По сфальсифицированным делам проходили также бывшие члены небольшевистских партий, их родственники и знакомые. Например, в Приморье сотрудники НКВД в конце июля — августе 1937 г. арестовали 83-летнего М.А. Тимофеева, обвинив его в организации эсеровского подполья, куда он якобы завербовал более 30 чел., включая свою дочь, зятя и других лиц. «Основанием» для следствия было эсеровское прошлое сына главного обвиняемого Е.М. Тимофеева (был членом ЦК ПСР, осужден в ходе нашумевшего процесса по делу эсеров в 1922 г., жил в ссылке в Средней Азии, в 1936 г. вновь арестован, содержался в Бутырской тюрьме, расстрелян в 1941 г.).

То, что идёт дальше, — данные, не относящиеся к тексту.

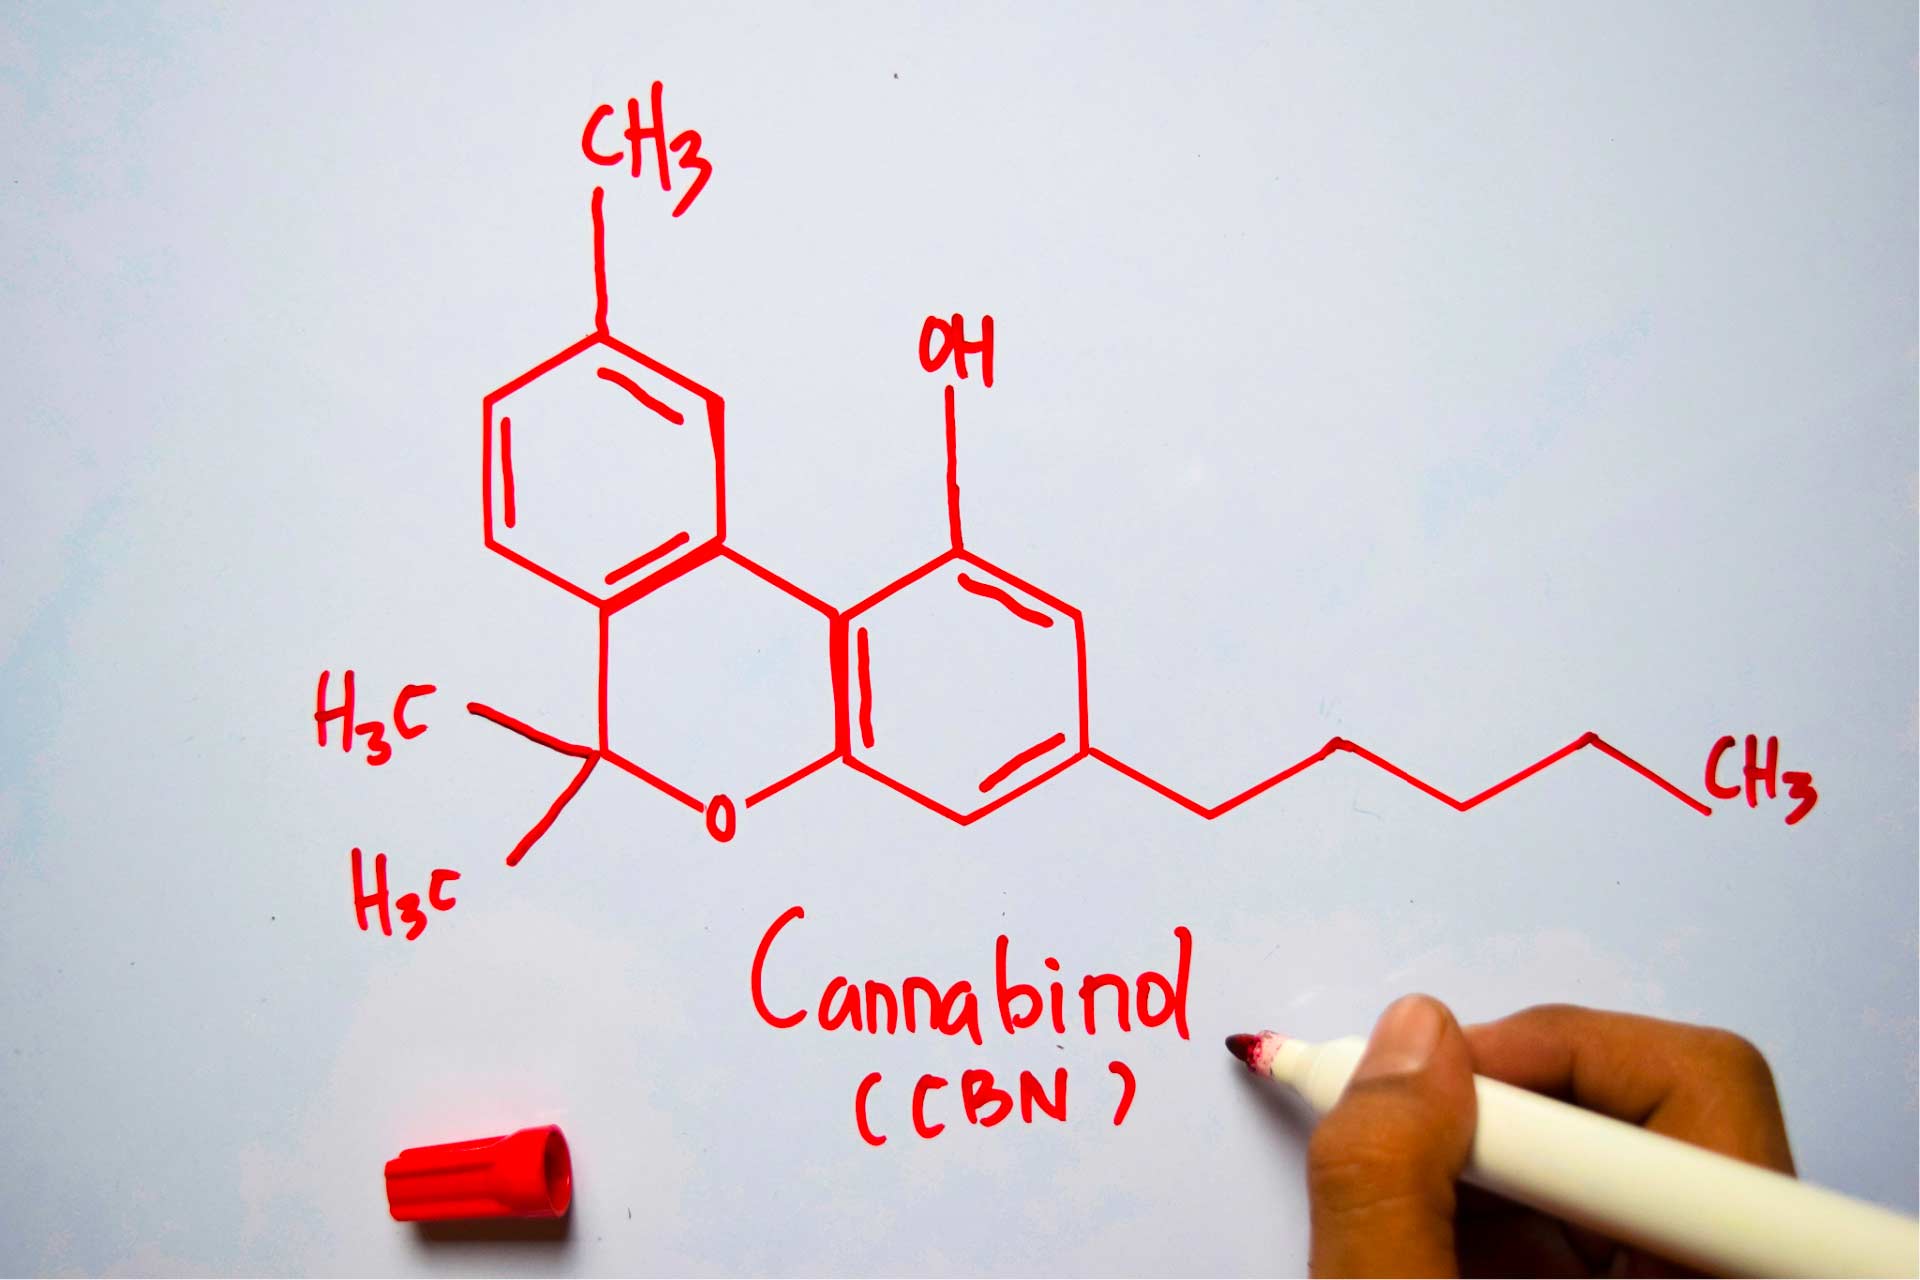 Cannabinol (CBN) molecular structure drawn on whiteboard.

Всем, проходившим по делу, инкриминировали подготовку к свержению советской власти, «установлению так называемого демократического государства с участием в управлении всех политических партий вплоть до кадетов и исключая коммунистов», «созданию на Дальнем Востоке буферного государства наподобие ДВР, захвату в дальнейшем руководящей роли эсеров в управлении буферным государством». В апреле 1938 г. Военная коллегия Верховного суда СССР на закрытом заседании выездной сессии во Владивостоке приговорила «участников заговора» к ВМН (расстреляны в апреле — мае 1938 г.; М.А. Тимофеев умер во время следствия)29.

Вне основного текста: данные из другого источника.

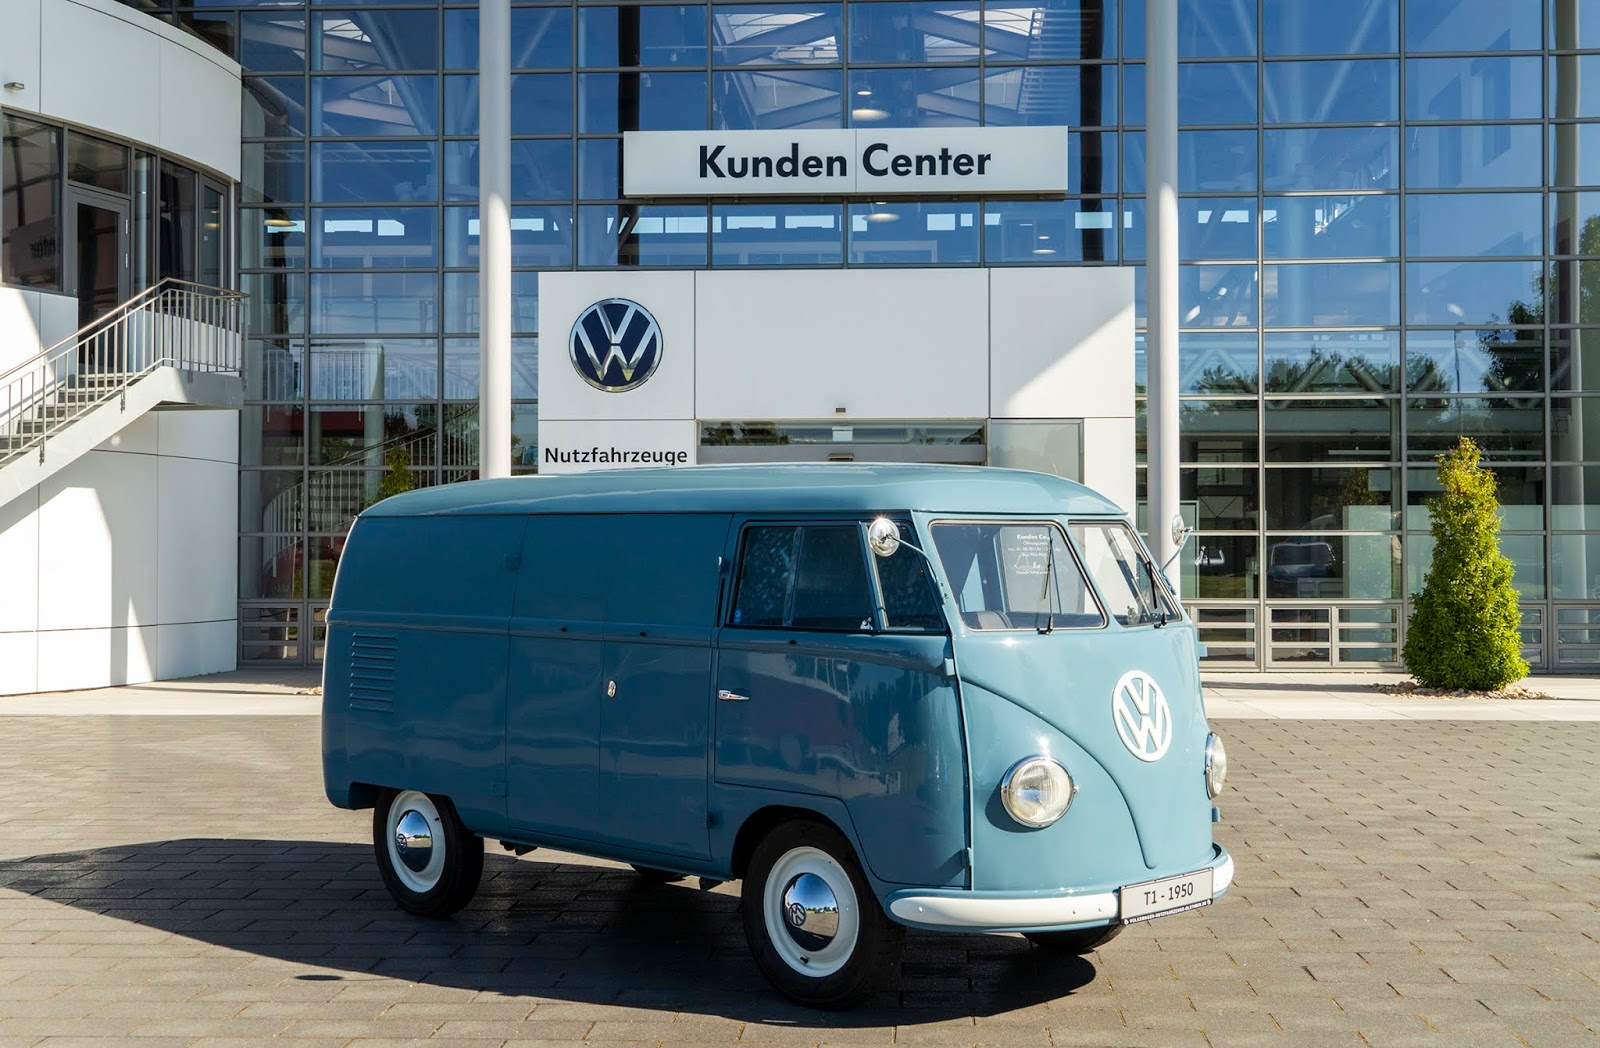 VOLKSWAGEN2BTRANSPORTER2BT12B 2BSOFIE 1 Εβδομηκοστά γενέθλια για το πιο παλιό Volkswagen Transporter

Жертвами приказа 00447 стали и религиозные деятели. Так, в октябре 1937 г. УНКВД по ДВК сфабриковало дело о церковно-монархической шпионской организации в г. Ворошилове (совр. Уссурийск). По обвинительному заключению были привлечены 11 чел. Среди них — епископ, священник, диакон, монахиня, церковный староста. «Тройка» УНКВД по ДВК 27 октября 1937 г. приговорила девять арестованных к расстрелу; двух — к 10 годам заключения30. Можно предположить, что большую группу репрессированных составили также профессиональные уголовники, как того требовали документы.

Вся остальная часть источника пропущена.